#### Exercise goal:
Copy the lines of the data below exactly, starting at the first and stopping after the line that contains "Associate Product 'Tientsin'."; include no pictures.

#### Information provided:

++++

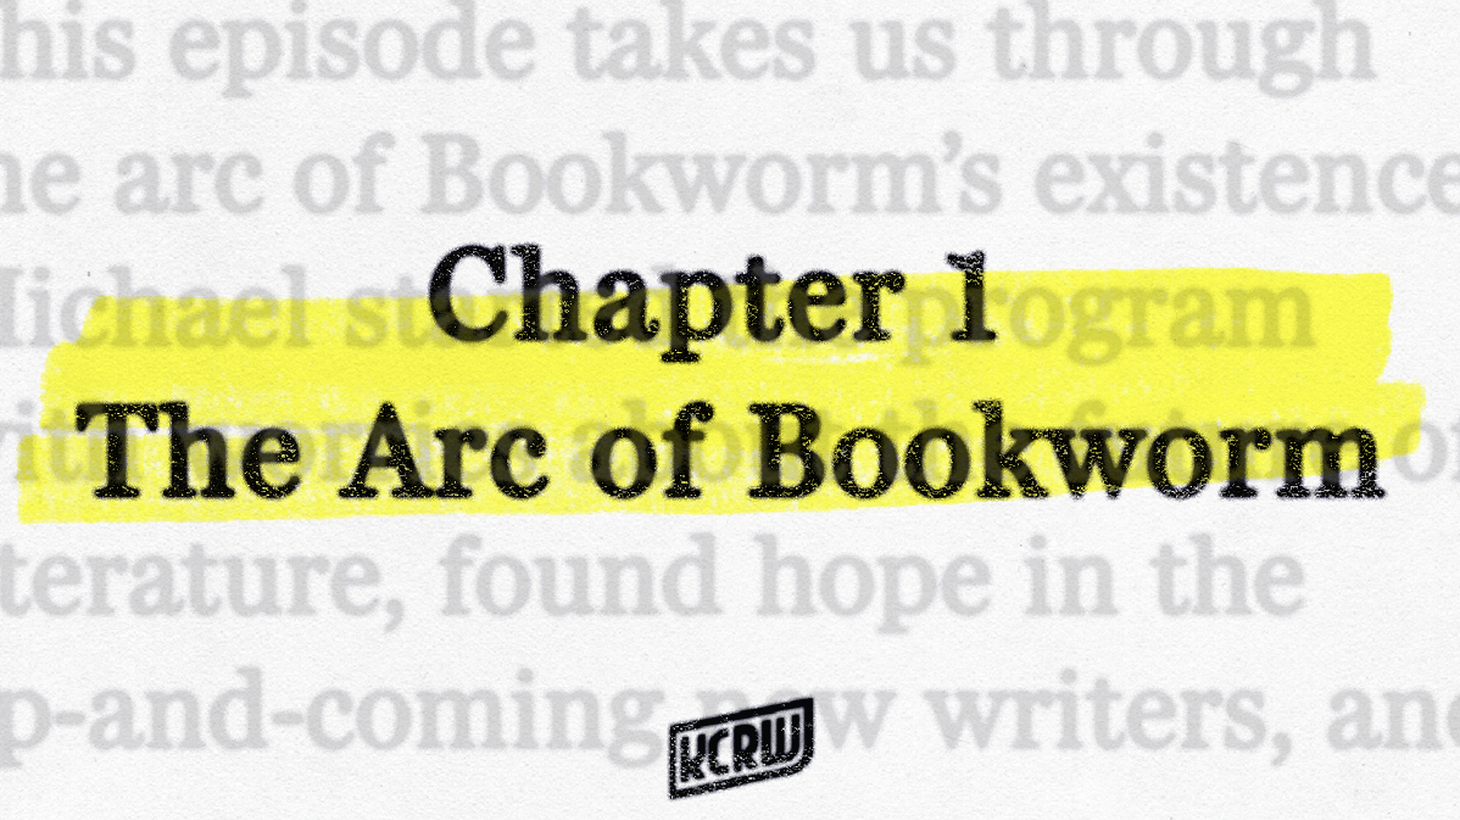 This episode takes us through the arc of Bookworm’s existence: Michael started the program with worries about the future of literature, found hope in the up-and-coming new writers, and proceeded to highlight authors of diverse backgrounds, cultures, and geographies.
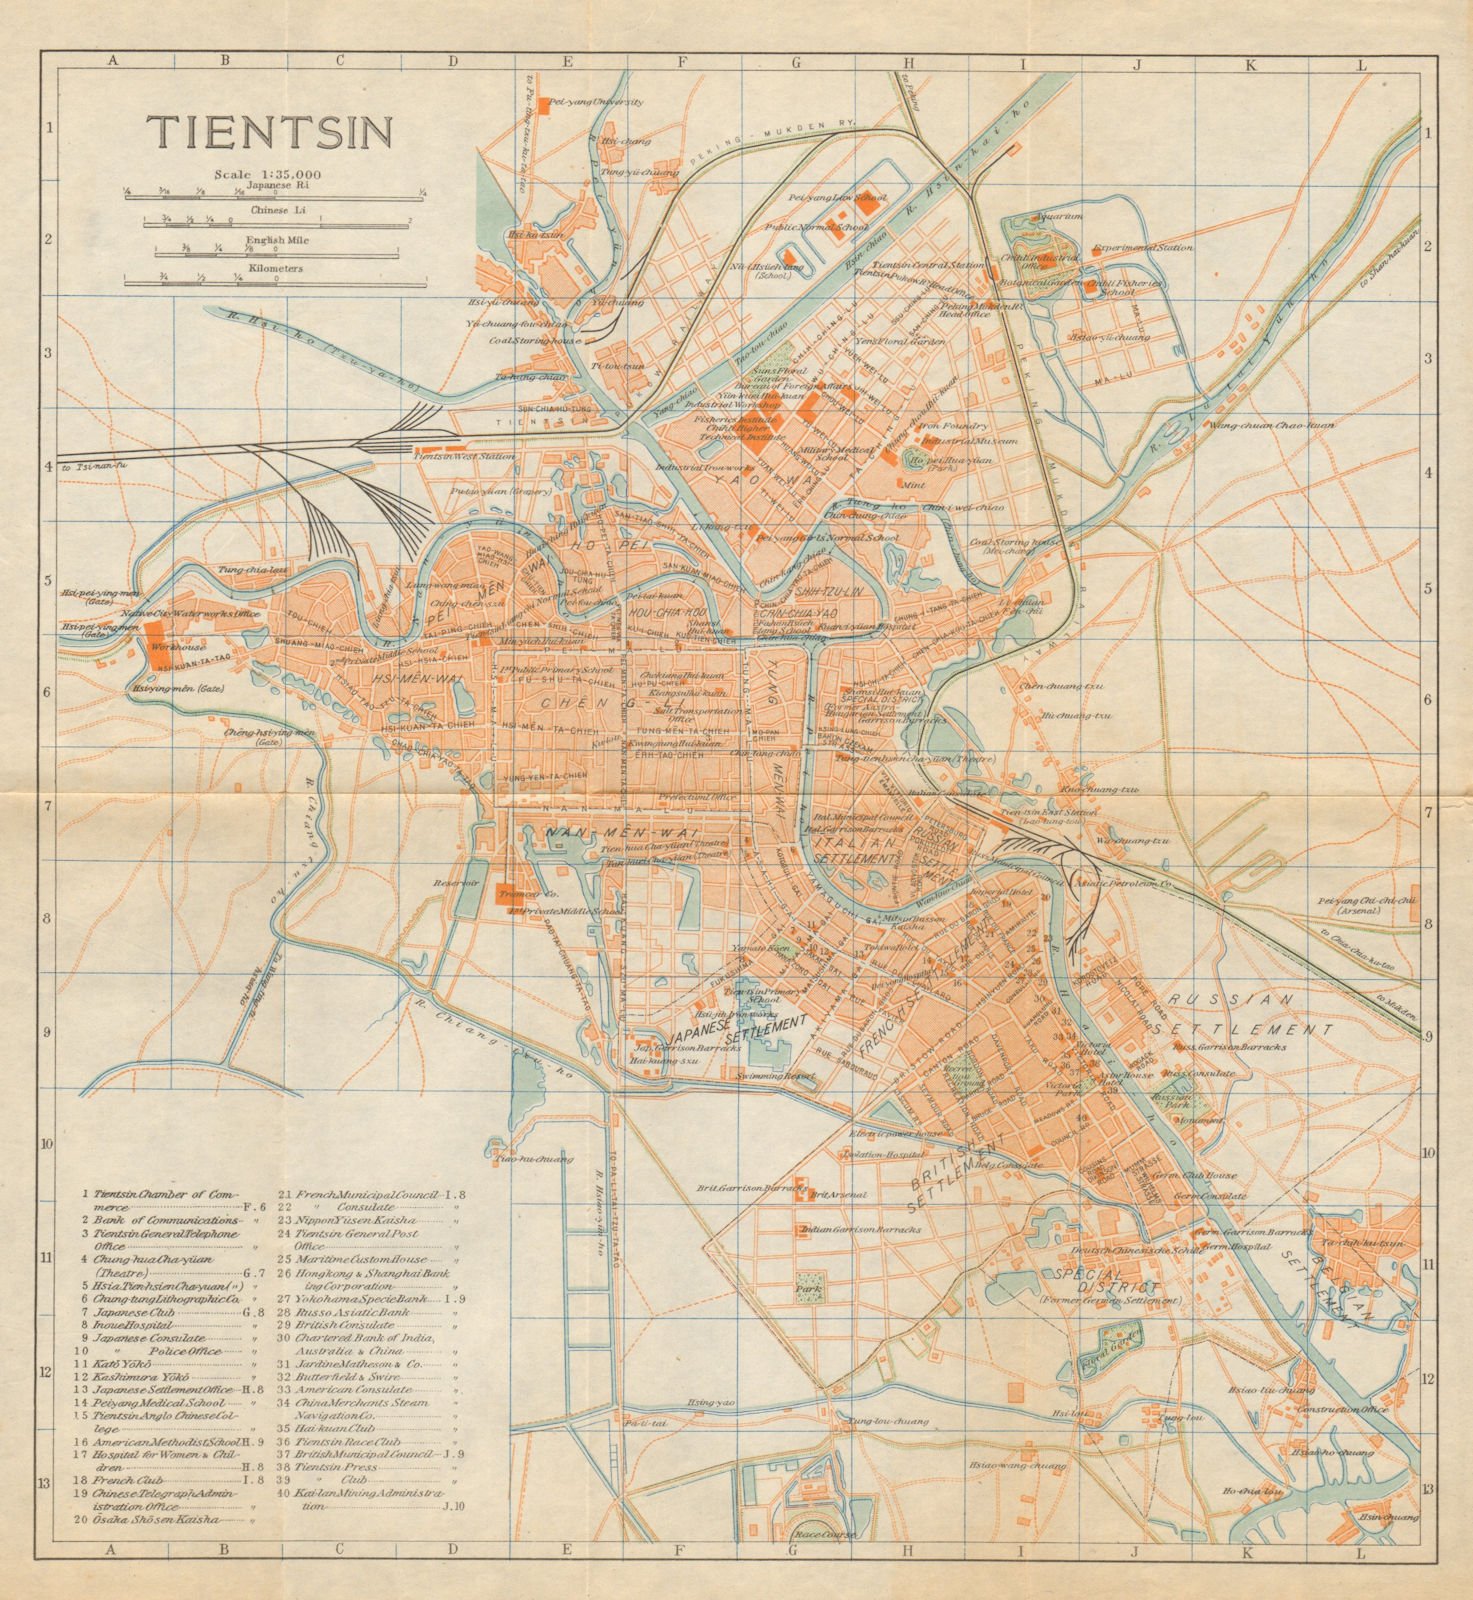 Associate Product 'Tientsin'. Tianjin antique town city plan. China 1924 old map chart
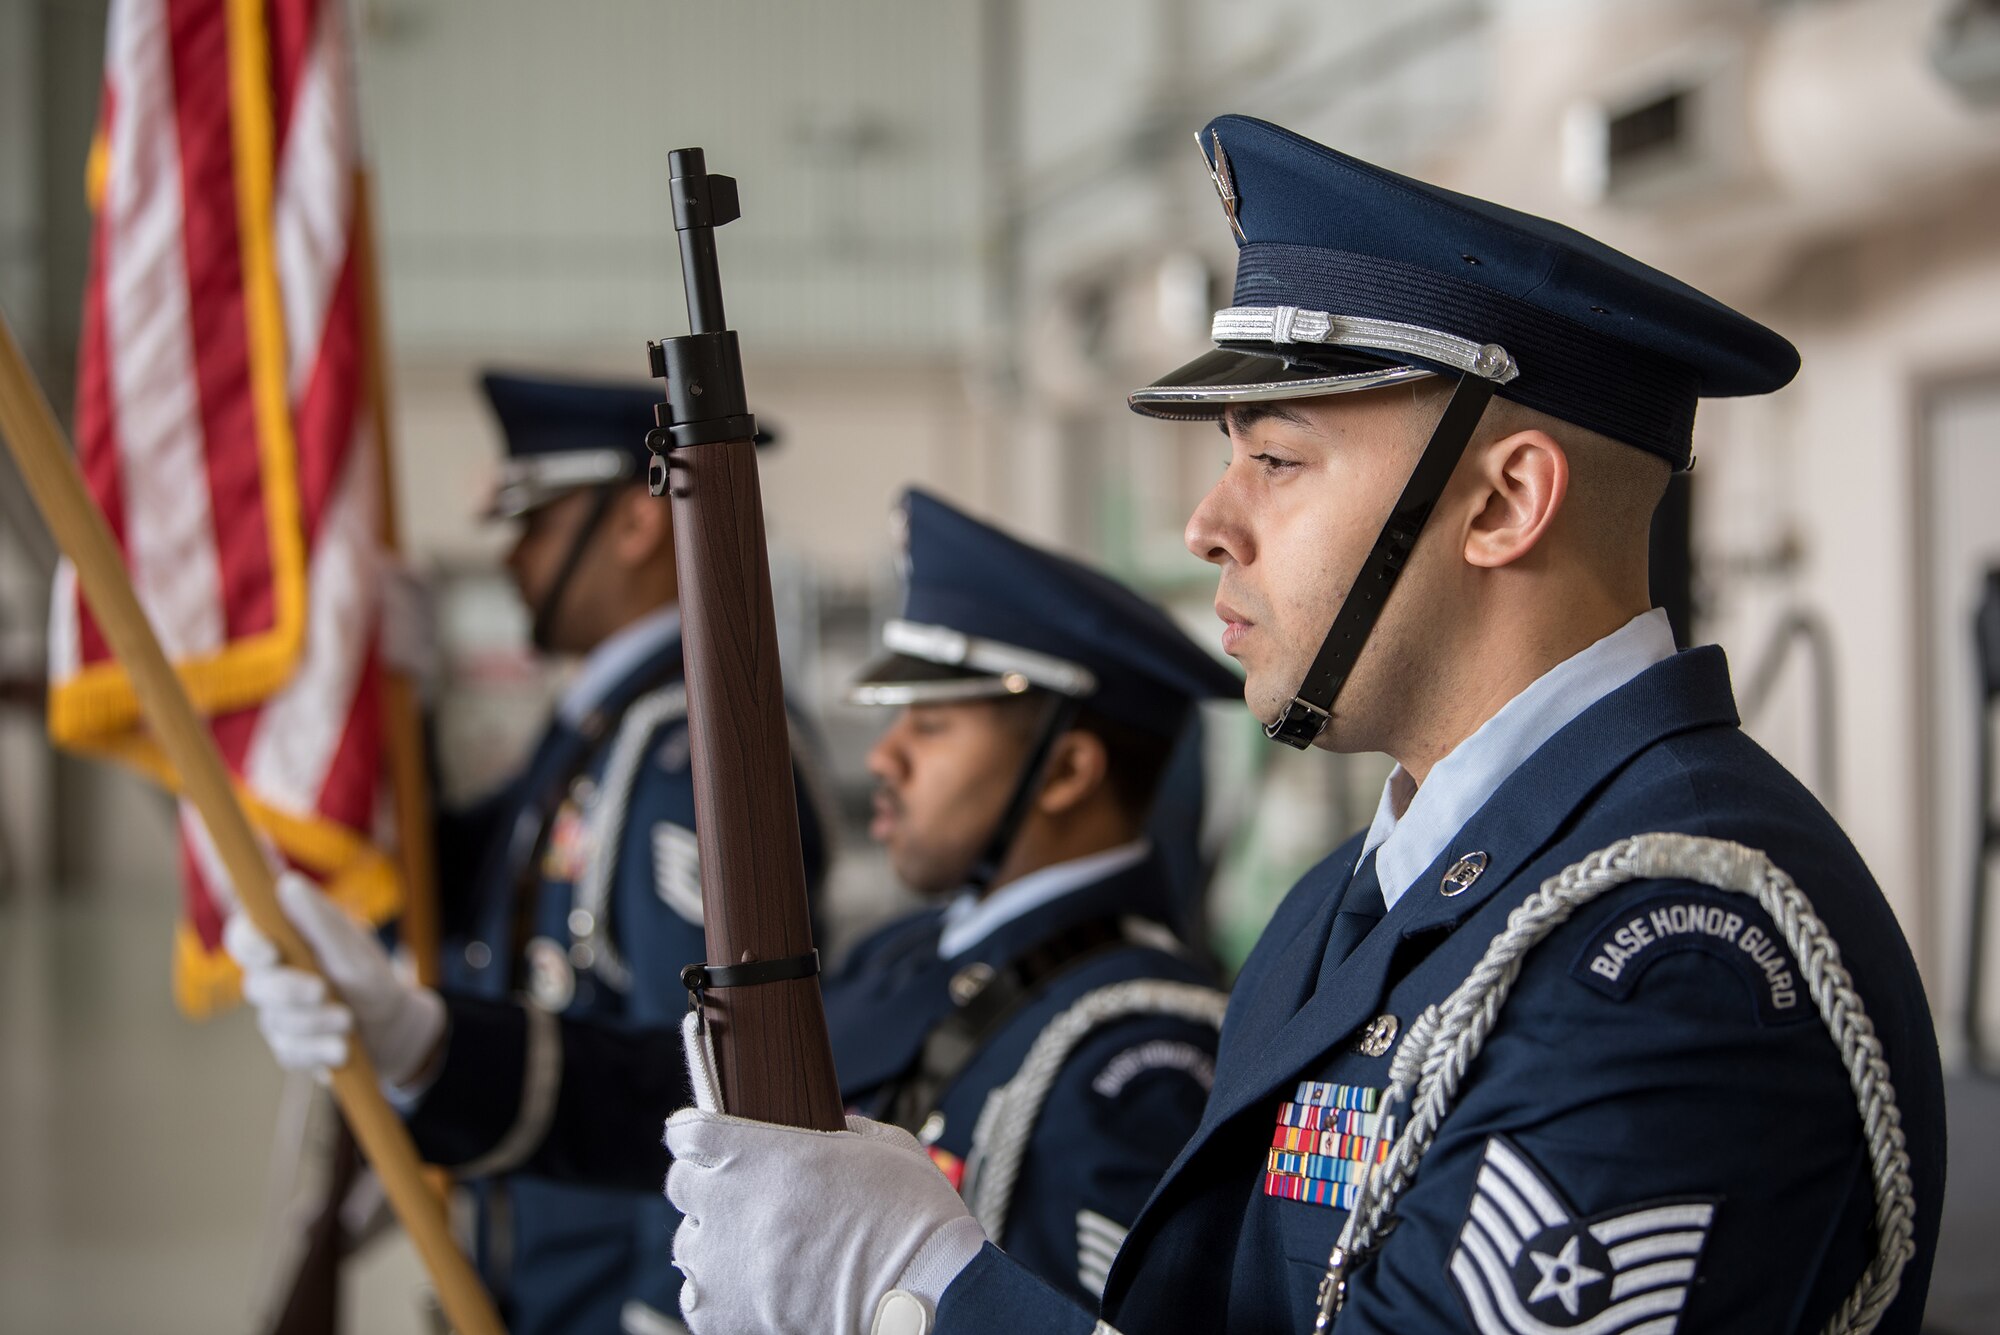 The 123rd Airlift Wing Color Guard presents the colors during a ceremony at the Kentucky Air National Guard Base in Louisville, Ky., March 10, 2019, celebrating the wing’s accomplishments over the past year. The ceremony concluded with the presentation of the wing’s 18th Air Force Outstanding Unit Award. (U.S. Air National Guard photo by Staff Sgt. Joshua Horton)
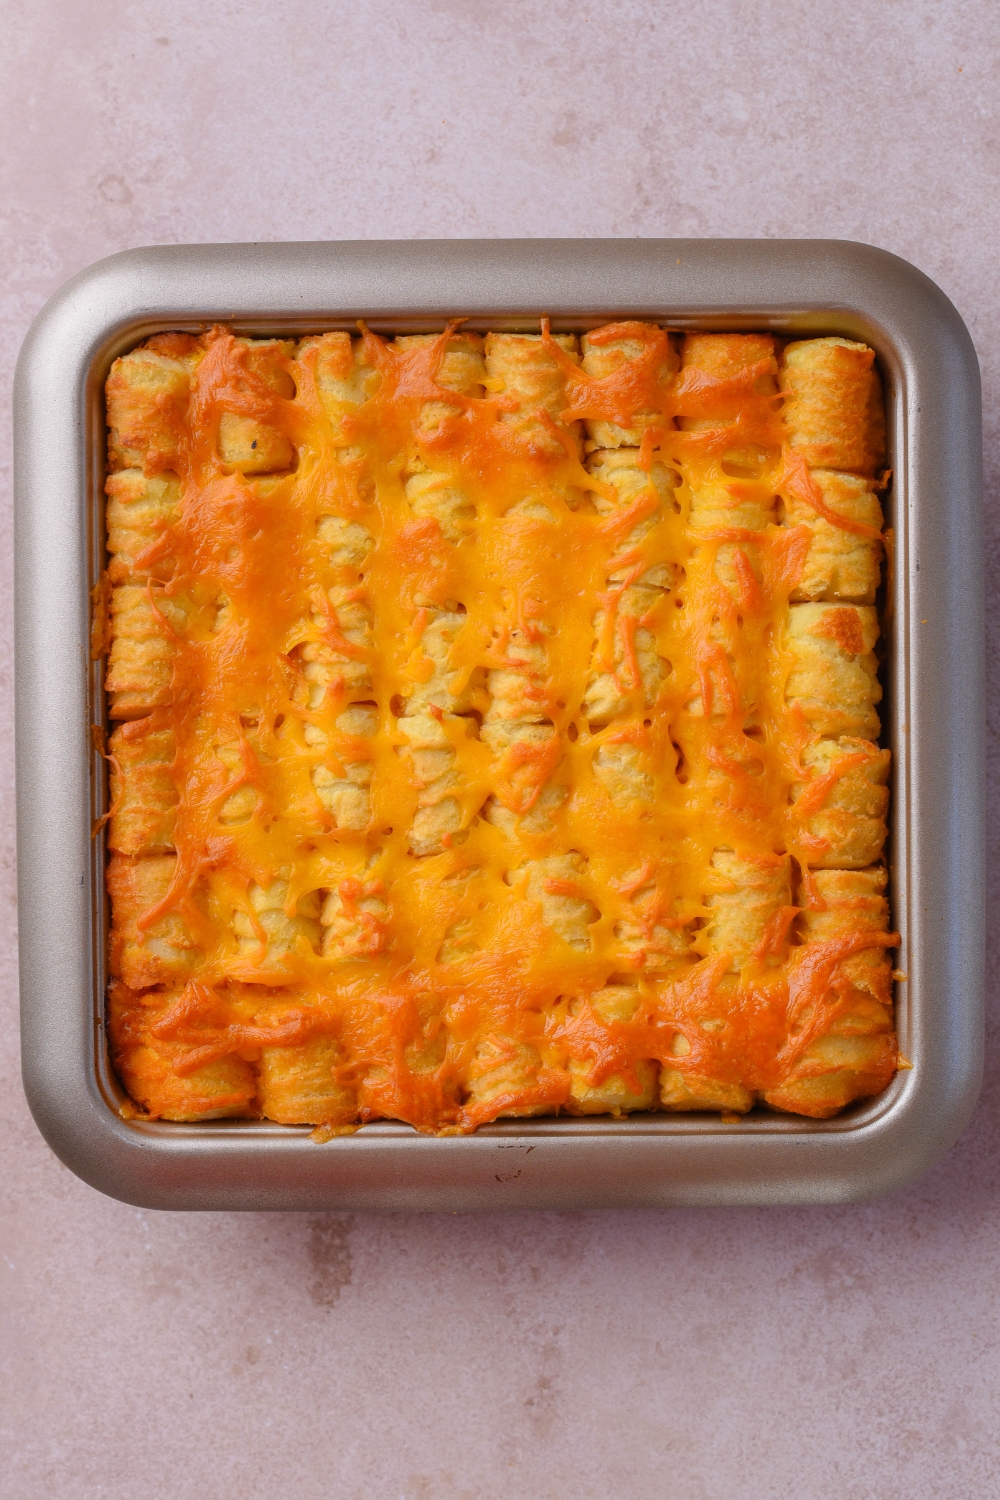 Melted cheese on top of tater tots layered in a square baking dish on a grey counter.

++++

#### Written solution:
 This episode takes us through the arc of Bookworm’s existence: Michael started the program with worries about the future of literature, found hope in the up-and-coming new writers, and proceeded to highlight authors of diverse backgrounds, cultures, and geographies.
 Associate Product 'Tientsin'. Tianjin antique town city plan. China 1924 old map chart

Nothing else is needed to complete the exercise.